Logistic regression identifies most influential annotations. Significant ratio between estimated effect and standard error of annotations in the logistic regression models for the significantly and suggestively trait-associated SNPs (○,Δ) sorted after decreasing significance in the logistic regression model for significantly trait-associated SNPs. The final models for the significant and suggestive trait-associated SNPs included 27 and 12 annotations of which 17 and 6 were significant in the models, respectively. Corresponding values can be found in Table 4.

Table 3 Comparing significant vs. suggestive logistic regression results

Six annotations were found to have significant (P-value ≤ 0.05) effects on trait-association status of suggestive SNPs: eQTLs, open chromatin, exons, gained stop codons, vegaGenes, and strong enhancers (proximal). The annotations included in the model for suggestive SNPs had reduced β-coefficients when compared with their value in the logistic regression model for significantly associated SNPs, consistent with the weaker enrichments seen for the suggestive class and the mixture of true and false positives in this SNP set.

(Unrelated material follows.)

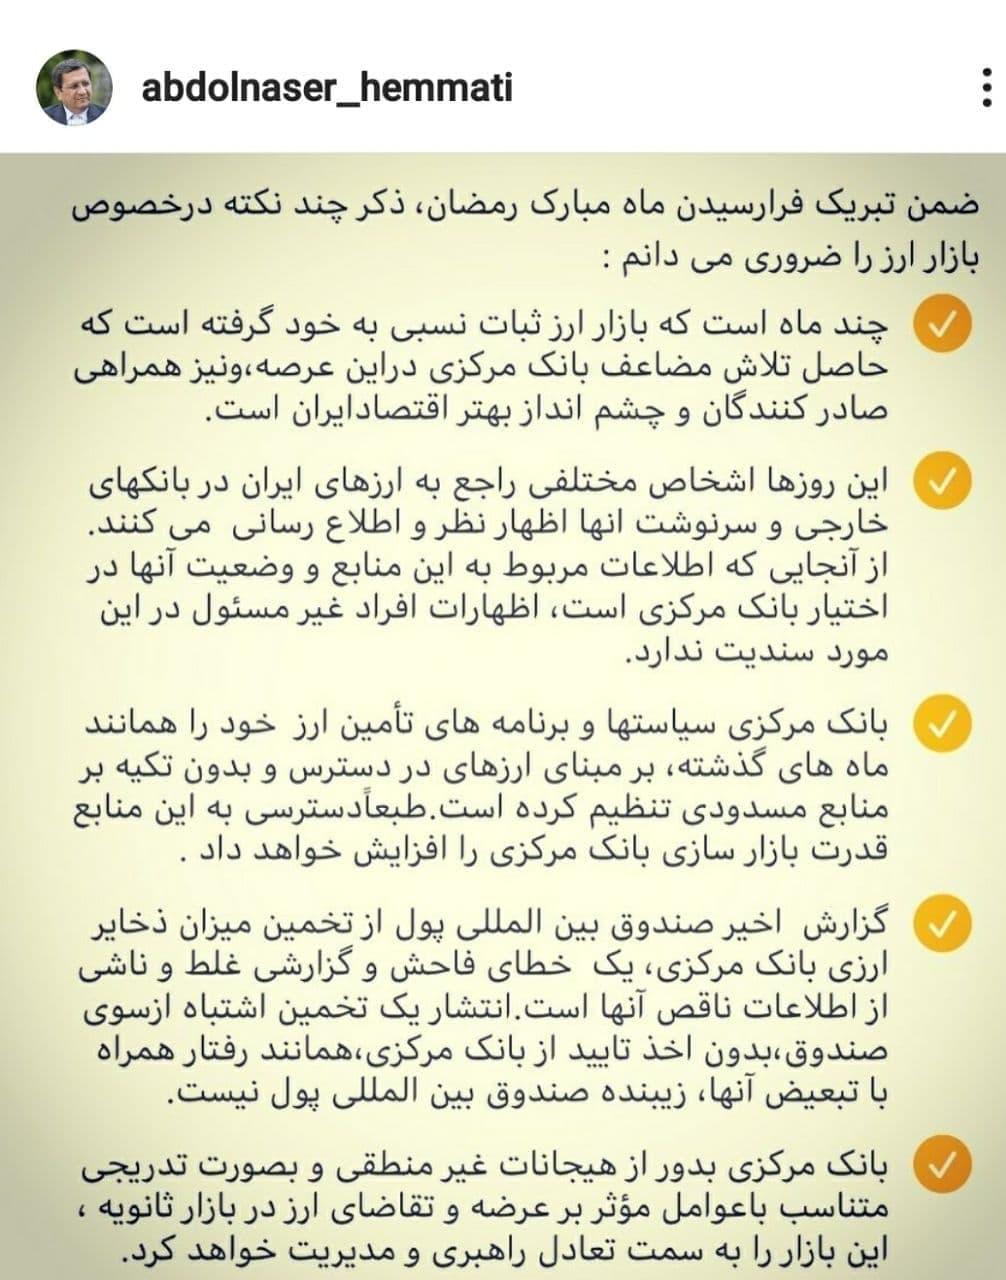 رییس کل بانک مرکزی: گزارش صندوق بینالمللی پول از ذخایر ارزی ایران غلط است

The results from logistic regression demonstrate the value of a comprehensive modeling approach that helps identify annotations providing independent information on the trait-association status of SNPs. Some of the individual annotations have highly significant effects in both the logistic regression and the enrichment analyses. Nonetheless, the overall explanatory power of the final model as evidenced from the pseudo-r2 values (Table 4) is relatively limited. One might imagine that the power of predictive modeling might be enhanced by the inclusion of quantitative variables rather than the essentially binary variables used here. This was borne out by an examination of models including a quantitative estimate of the upstream proximity of GWAS hits to TSSs. Additional file 9 shows two histograms of A) the upstream distance to TSS in both, significant and suggestive trait-associated SNPs, with a clear change in frequency at distances greater than 20 Kb away from the TSS and B) a closer look at the <20 Kb region. Distance to TSS was included after optimization in spite of the inclusion of other TSS associated categorical variables, such as 5 Kb upstream TSS regions. The effect of distance to TSS is negative with a β-coefficient of −12.18, implying that a larger distance away from the TSS results in a decrease in the likelihood that a particular SNP is significantly trait-associated. Additional file 10 shows the β-coefficients of the logistic regression incorporating the distance to TSS effect. A table of all coefficients is shown in Additional file 11. The pseudo-r2 value of the final model improved to 42% (McKelvey and Zavoina’s), relative to models lacking this variable (Table 4). Additional file 12 shows the effect of including distance to TSS for six representative genomic annotations for the significantly trait-associated SNPs. The importance of a number of other annotations declined correspondingly, with the odds ratios for strong enhancers (proximal), eQTLs and active promoters reduced the most. The reduction of the odds ratio of eQTLs confirms previous results that eQTLs are usually found close to the transcription start site of genes [28].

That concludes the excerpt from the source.